Even though this won’t come as new news to many of you, the following is still a clarifying prism. A negotiation is usually two sides haggling to get things they want. Leverage is often unequal. Sometimes one side isn’t “getting” anything but rather just trying to give up as little as possible. But in this negotiation, Republicans are getting various policy priorities and Democrats are “getting” Republican agreement not to create a global financial crisis. That’s extortion, not negotiation. A government can’t operate in any consistent or sustainable way when policy deliverables go to the party willing to credibly threaten the most damage to the country itself.

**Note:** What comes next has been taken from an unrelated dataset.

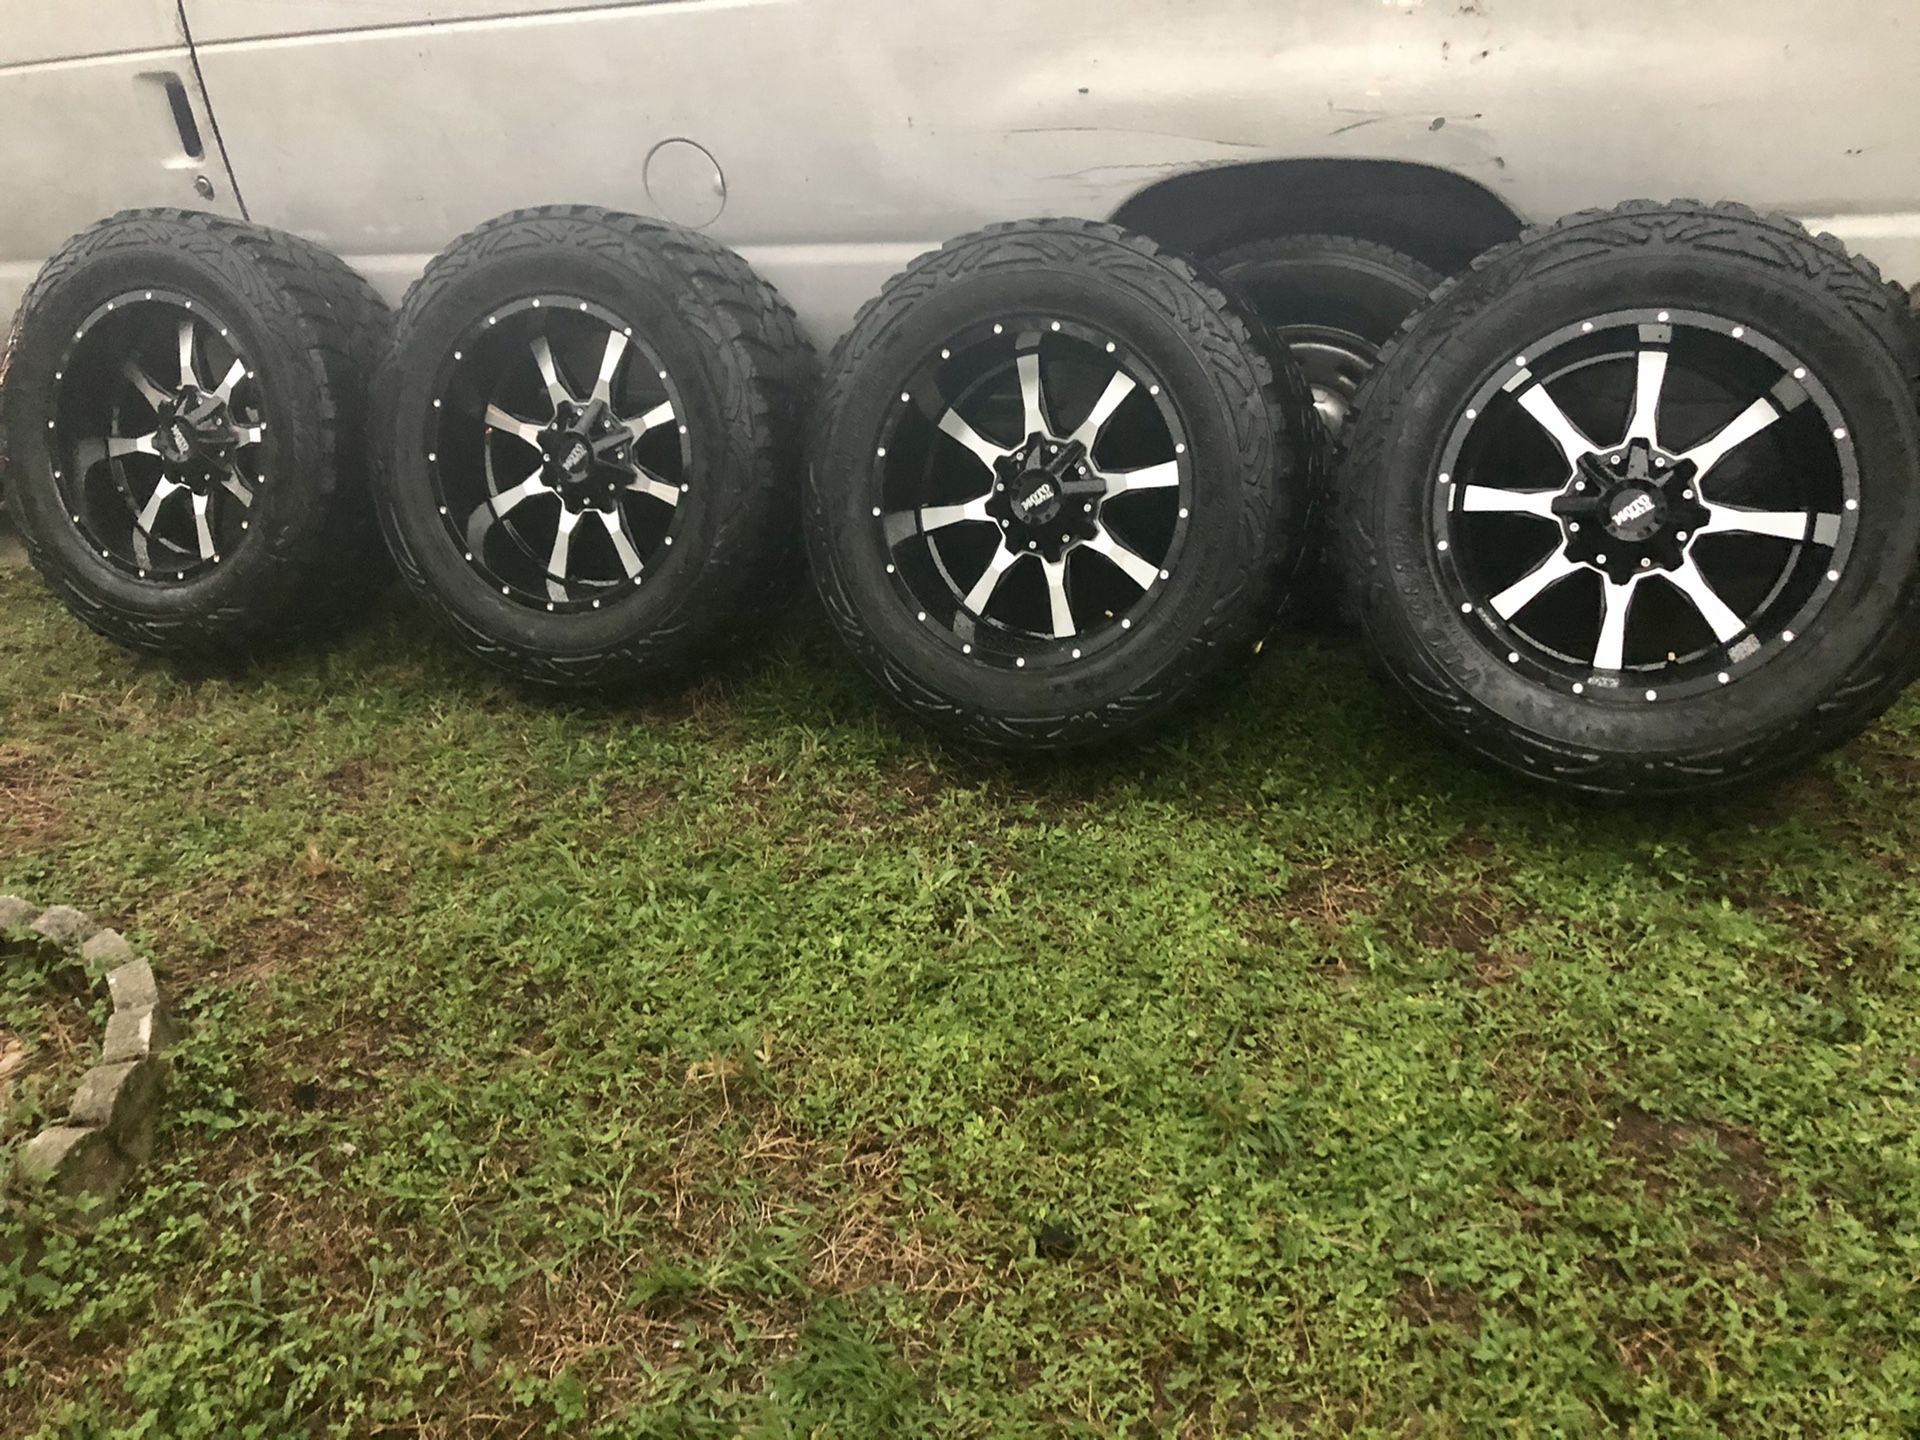 Wheels and tires new wheels 20x10 tires at 80% bolt pattern 6x139.7 for Ford F-150, Chevy and gmc 1500 , Toyota Tacoma and Dodge Ram 1500 just for 20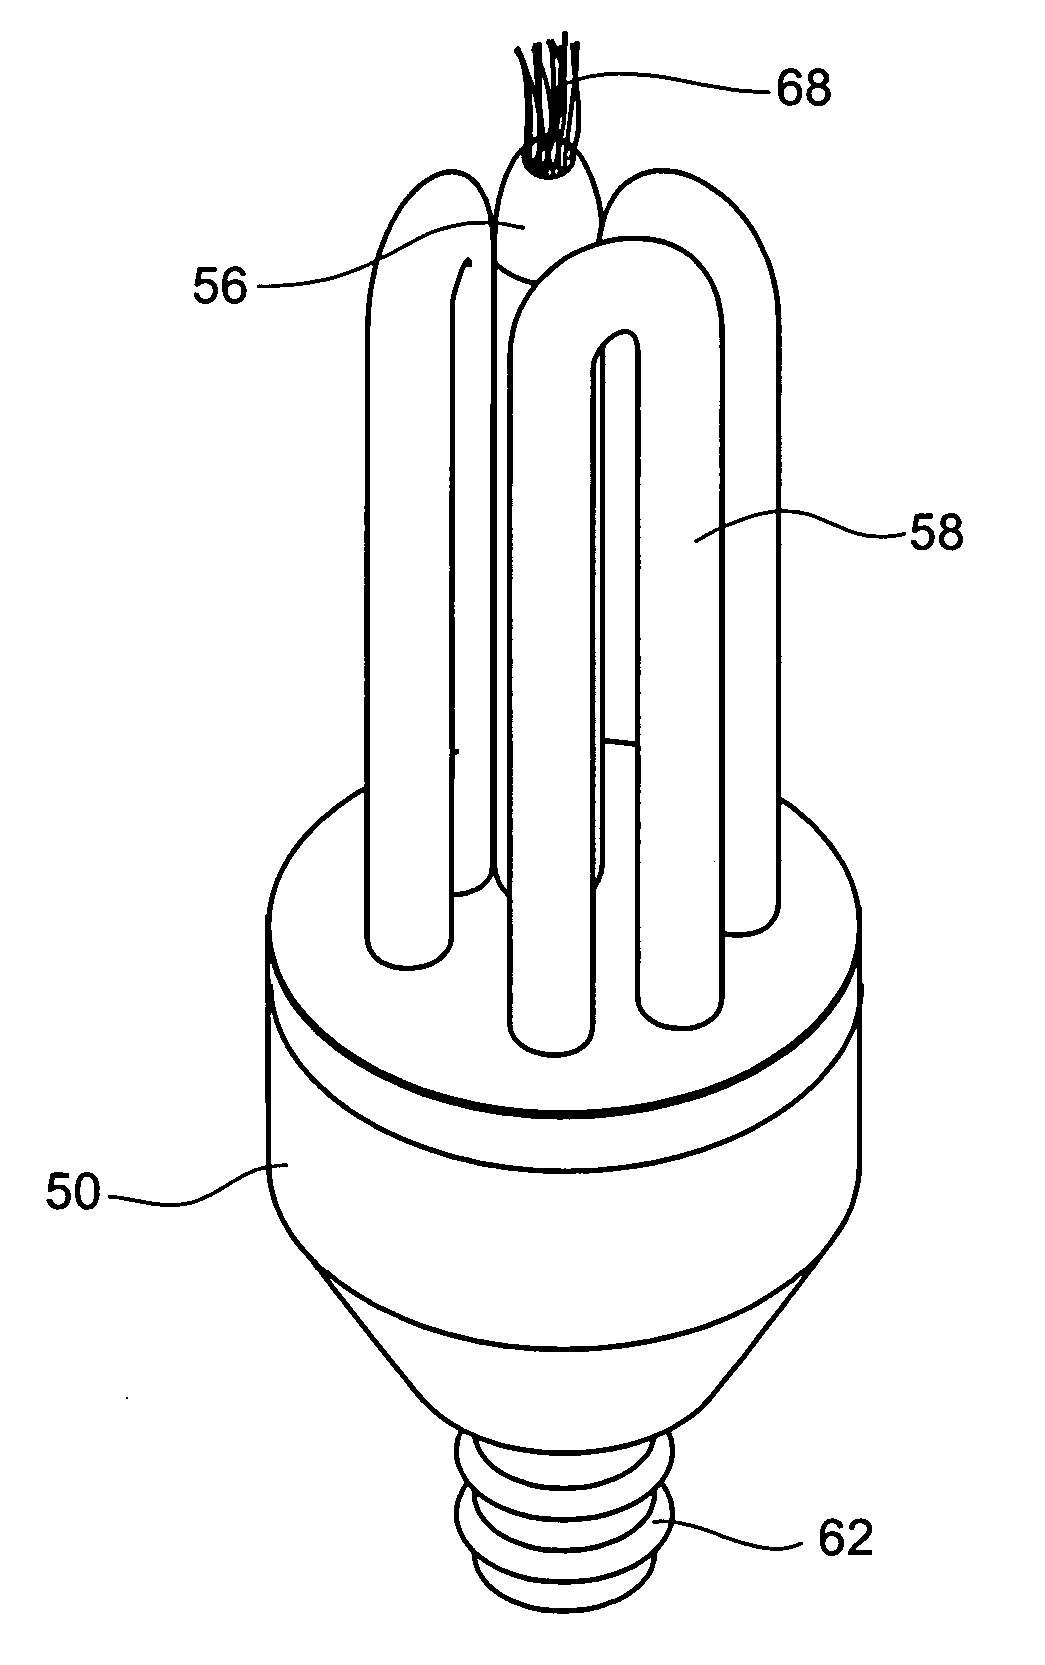 Anion generator for incorporation into lighting apparatuses and other appliances

A Few Observations on the Debt Limit Follies

It looks like we’re in for a down-to-the-wire drama over the next ten days to two weeks as we come down to the still-fuzzy default deadline. We’re going to have a lot of pinging back and forth, drama and access journalism headlines over the next several days. We’ll try to keep you aware of those things while keeping the focus on the fact that this is a manufactured crisis and not truly a negotiation (in the sense of each side bargaining to get things).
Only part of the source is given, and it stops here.